The air box job was a bit out of my league, it has a lot of minor flaws that is not visible in the pictures. But the good part is that the technique is usable on every part that needs CF-treatment! On this kit I used it on the rear sprocket cover and the muffler bracket (wich is not yet photographed) but on newer kits like the RC211V or the M1 there is A LOT of parts that can use CF and raise the standards of the build. SMS sells templates for the inside of the cowlings to a few bikes, could be worth trying...
One more thing, don't go by the scale when buying CF-decal! I use 1/20 or 1/24 scale CF for my bikes, the 1/12 scale ones are way out of scale
The "mesh"-technique works like this and can be used on smaller parts and as SeaBee mentioned I've used it on the rear mud guard. Paint the part black. Get yourself a piece of acrylic mesh, the type that comes with a lot of model kits to recreate the air intake mesh on bikes or the grill mesh on cars. Wrap the mesh around the part and hold it tight on the back. It takes some work to get that firm grip so that the mesh covers the whole part. Use some grey paint, I use Tamiya XF-56 metallic grey, and spray it through an airbrush at low air preassure. Just mist it over the mesh, and just pass the part a few times. Put the airbrush aside and gently remove the mesh. The paint has dried a bit but be careful not to move the mesh around as it will destroy the pattern. When the gray has set, use Smoke paint to cover the part and give it some shine.
These are a few tricks I've picked up along the way, and that's the great thing, you never stop learning.
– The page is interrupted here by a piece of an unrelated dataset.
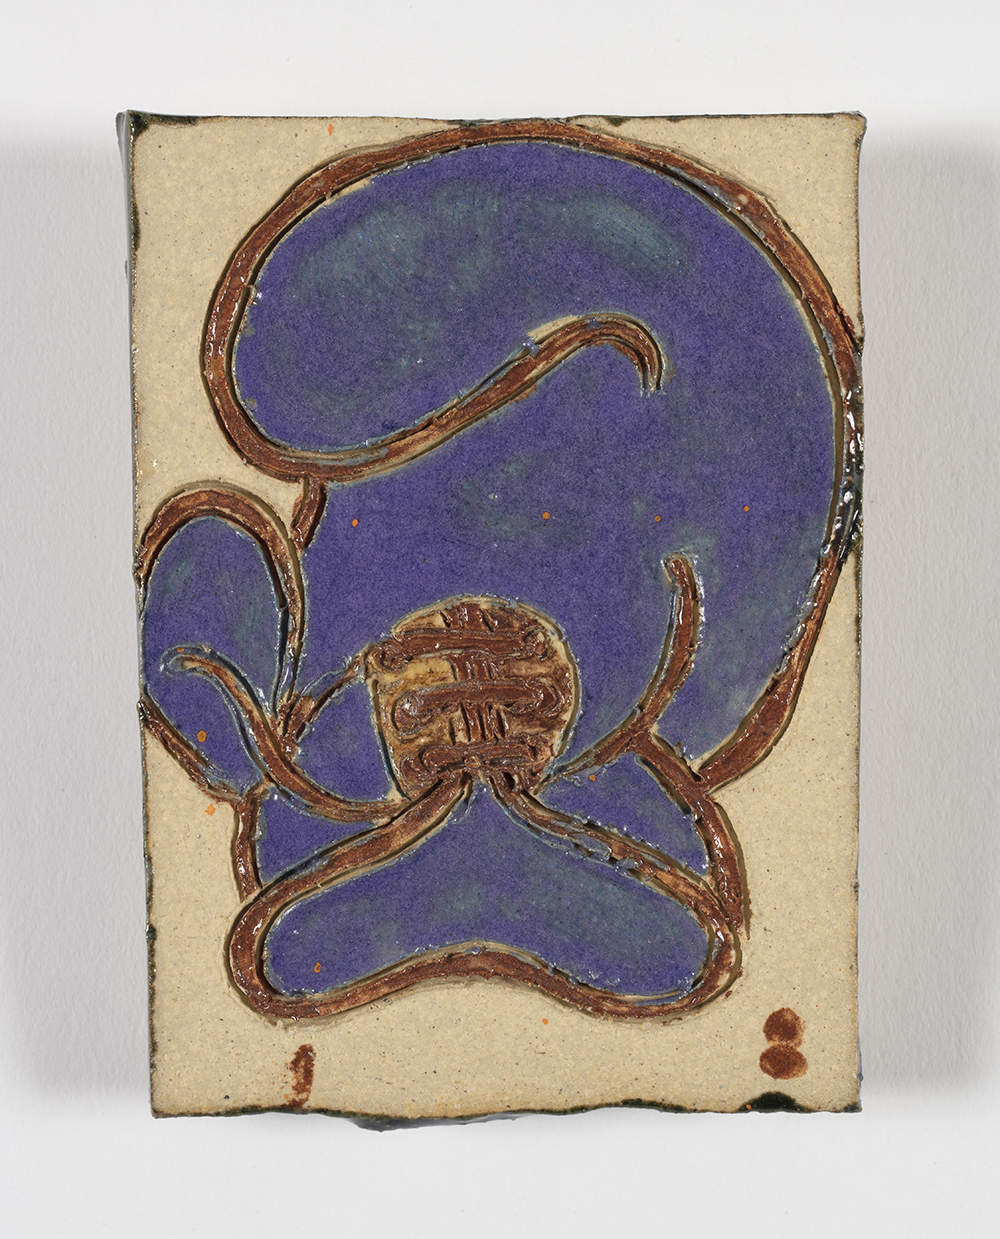 Kevin McNamee-Tweed.<em> Boxer</em>, 2019. Glazed ceramic, 4 x 2 1/4 inches (10.2 x 5.7 cm)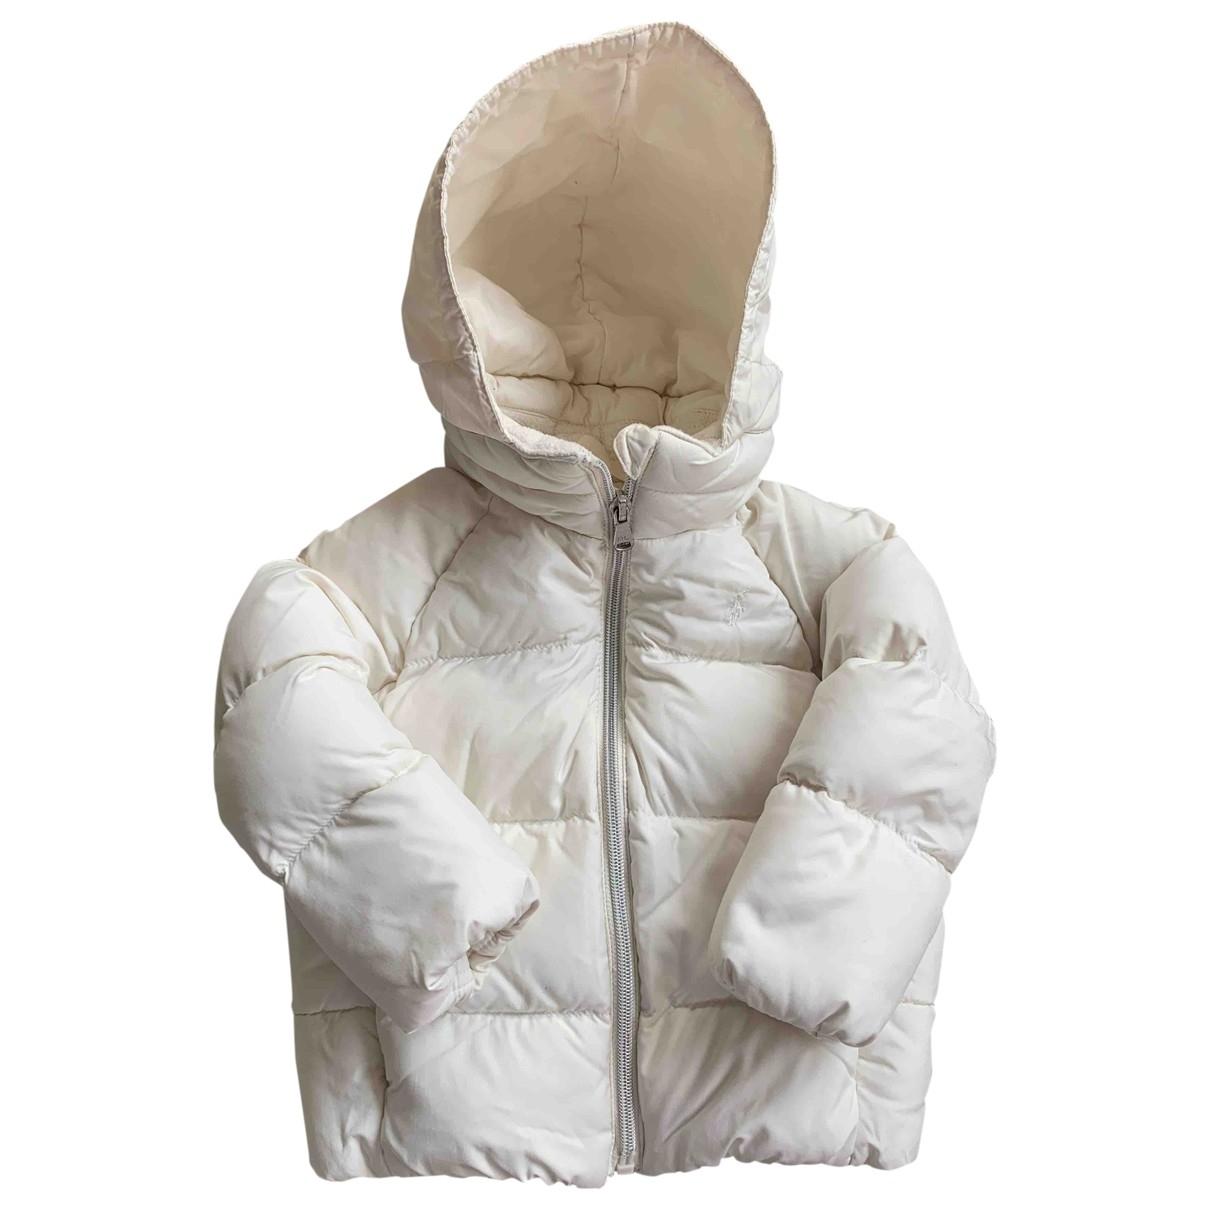 Ralph Lauren \N White Fur jacket & coat for Kids 2 years - until 34 inches UK

I have learned all I know about scale modelling from forums like this and it's so fun to see how others have done and try it out myself. Best thing about putting effort into detailing a kit is it takes the viewers eyes off my crappy paint jobs ;-)
The tips section on my website is supposed to show all of these things but I lost the english files in a computer crash and I'm trying to re-install them now. You can also find a few reference pics there of different bikes, look at http://www.onetwelvth.com/tips/allmant/index.htm and choose reference pics to the left.
It became a long post and there are certainly a LOT more out there, rest of the guys sit on loads of great ideas as well. So start up with anything you could pick up from this post and be back with new pictures. I'd be glad to try to answer the questions you pick up along the way.